§ 8. Unterhaltsformen des patrimonialen Dieners
§ 8. Der patrimoniale Diener kann seinen Unterhalt beziehen
a) durch Versorgung am Tisch des Herrn, –
b) durch (vorwiegend Natural-)Deputate aus Güter-
und Geld-Vorräten des Herrn, –
c) durch Dienstland, –
d) durch appropriierte Renten-, Gebühren- oder Steuer-Einkunftschancen, –
e) durch Lehen.
Die Unterhaltsformen b bis d sollen, wenn sie in einem nach Umfang (b und c) oder Sprengel (d) traditionalen Ausmaß stets neu vergeben und individuell, aber nicht erblich appropriiert sind, »Pfründen « heißen, die Existenz einer Ausstattung des Verwaltungsstabes prinzipiell in dieser Form: Präbendalismus. Dabei kann ein Aufrücken nach Alter oder bestimmten objektiv bemeßbaren Leistungen bestehen und es kann die ständische Qualifikation und also: Standes ehre gefordert werden (s. über den Begriff des »Standes« Kap. IV).
Lehen sollen appropriierte Herrengewalten heißen, wenn sie kraft Kontrakts an individuell Qualifizierte primär vergeben werden und die gegenseitigen Rechte und Pflichten primär an konventionalen ständischen, und zwar: militaristischen Ehrbegriffen orientiert werden. Das Bestehen eines primär mit Lehen ausgestatteten Verwaltungsstabes soll Lehensfeudalismus heißen.
Lehen und Militär-Pfründe gehen oft bis zur Ununterscheidbarkeit ineinander über. (Darüber die Erörterung des »Standes« Kap. IV.)
In den Fällen d und e, zuweilen auch im Fall c, bestreitet der appropriierte Inhaber der Herrengewalten die Kosten der Verwaltung, eventuell: Equipierung, in der schon angegebenen Art, aus den Mitteln der Pfründe bzw. des Lehens.
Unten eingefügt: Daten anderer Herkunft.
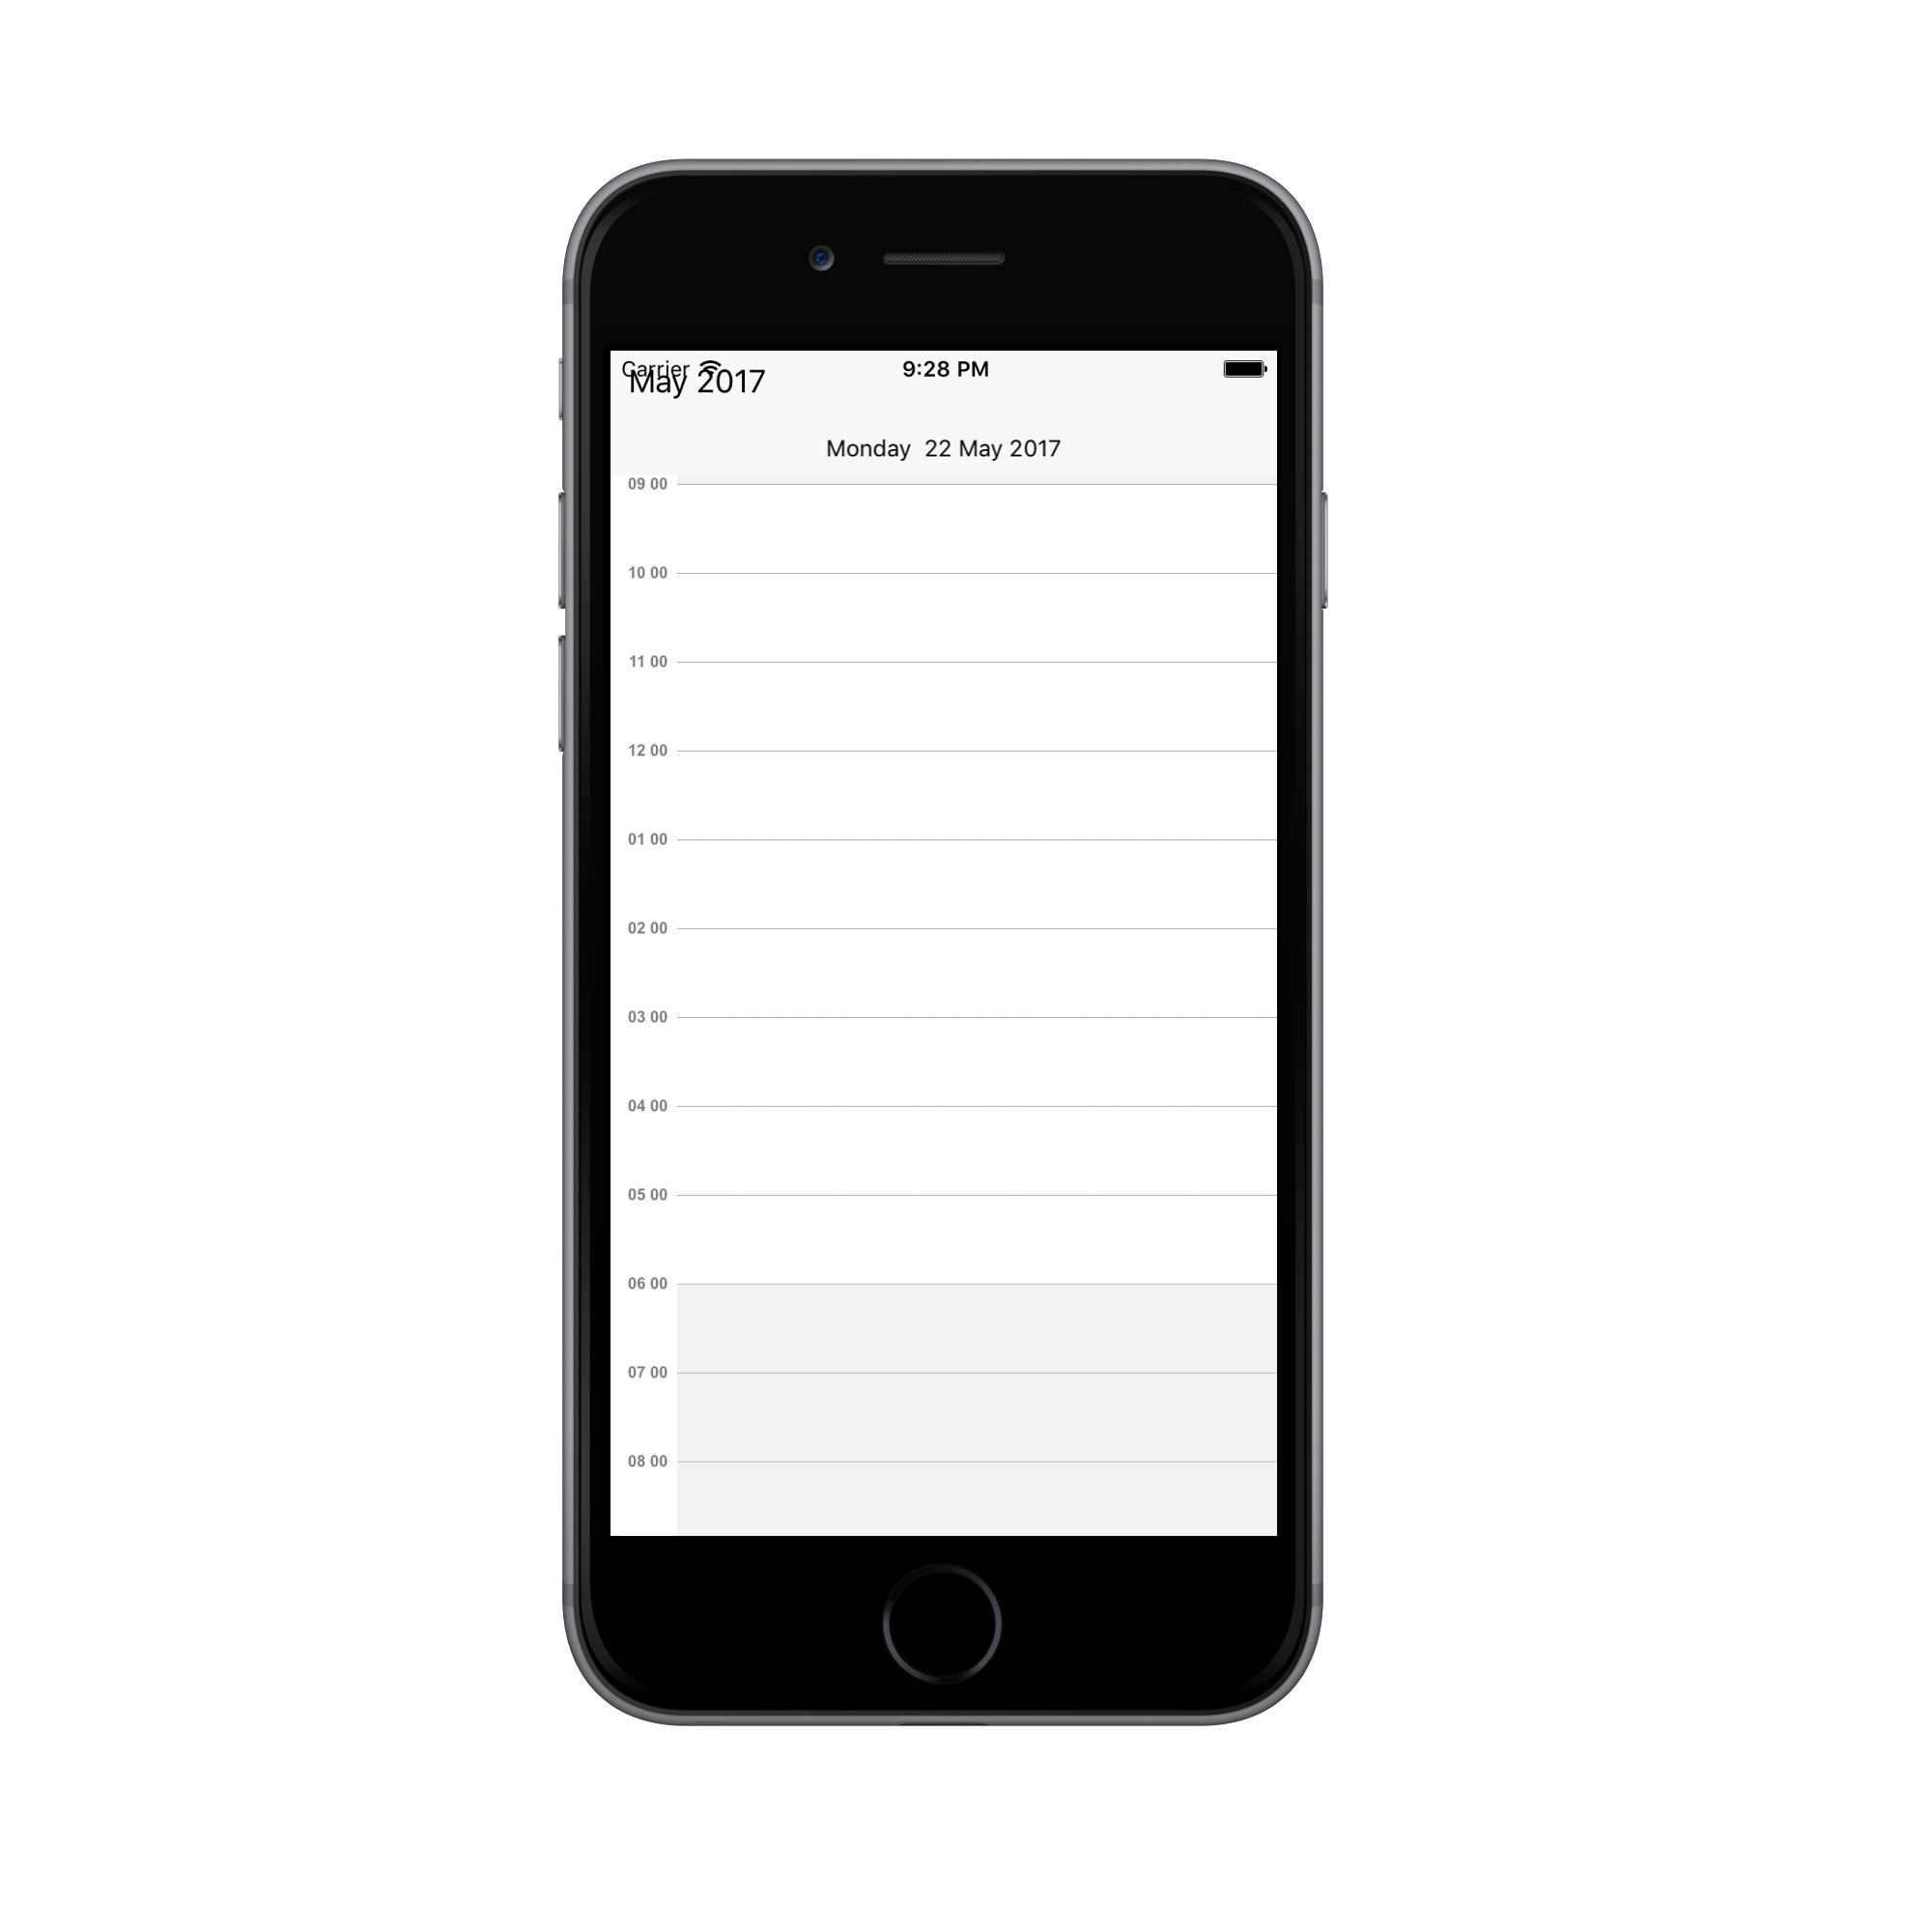 Day view time label customization for schedule in Xamarin.iOS

Seine eigene Herrschaftsbeziehung zu den Untertanen kann dann patrimonialen Charakter annehmen (also: vererblich, veräußerlich, erbteilbar werden).
1. Die Versorgung am Tisch des Herrn oder nach dessen freiem Ermessen aus seinen Vorräten war sowohl bei fürstlichen Dienern wie Hausbeamten, Priestern und allen Arten von patrimonialen (z.B. grundherrlichen) Bediensteten das Primäre. Das »Männerhaus«, die älteste Form der militärischen Berufsorganisation (wovon später gesondert zu reden sein wird) hatte sehr oft den Charakter des herrschaftlichen Konsumhaushalts- Kommunismus. Abschichtung vom Herren- (oder: Tempel- und Kathedral-)Tisch und Ersatz dieser unmittelbaren Versorgung durch Deputate oder Dienstland ist keineswegs stets als erstrebenswert angesehen worden, war aber bei eigener Familiengründung die Regel. Naturaldeputate der abgeschichteten Tempelpriester und Beamten waren im ganzen vorderasiatischen Orient die ursprüngliche Form der Beamtenversorgung und bestanden ebenso in China, Indien und vielfach im Okzident. Dienstland findet sich gegen Leistung von Militärdiensten im ganzen Orient seit der frühen Antike, ebenso im deutschen Mittelalter als Versorgung der ministerialen und hofrechtlichen Haus- und anderen Beamten. Die Einkünfte der türkischen Sipahi ebenso wie der japanischen Samurai und zahlreicher ähnlicher orientalischer Ministerialen und Ritter sind – in unserer Terminologie – »Pfründen«, nicht Lehen, wie später zu erörtern sein wird. Sie können sowohl auf bestimmte Landrenten, wie auf Steuereinkünfte von Bezirken angewiesen sein. Im letzteren Fall sind sie nicht notwendig, wohl aber der allgemeinen Tendenz nach, mit Appropriation von Herrengewalten in diesen Bezirken verbunden oder ziehen diese nach sich. Der Begriff des »Lehens« kann erst im Zusammenhang mit dem Begriff des »Staats« näher erörtert werden. Sein Gegenstand können sowohl grundherrliches Land (also eine Patrimonialherrschaft), wie die verschiedensten Arten von Renten- und Gebühren-Chancen sein.
2. Appropriierte Renten-, Gebühren- und Steuer- Einkunftschancen finden sich als Pfründen und Lehen aller Art weit verbreitet, als selbständige Form und in hoch entwickelter Weise besonders in Indien: Vergebung von Einkünften gegen Gestellung von Heereskontingenten und Zahlung der Verwaltungskosten.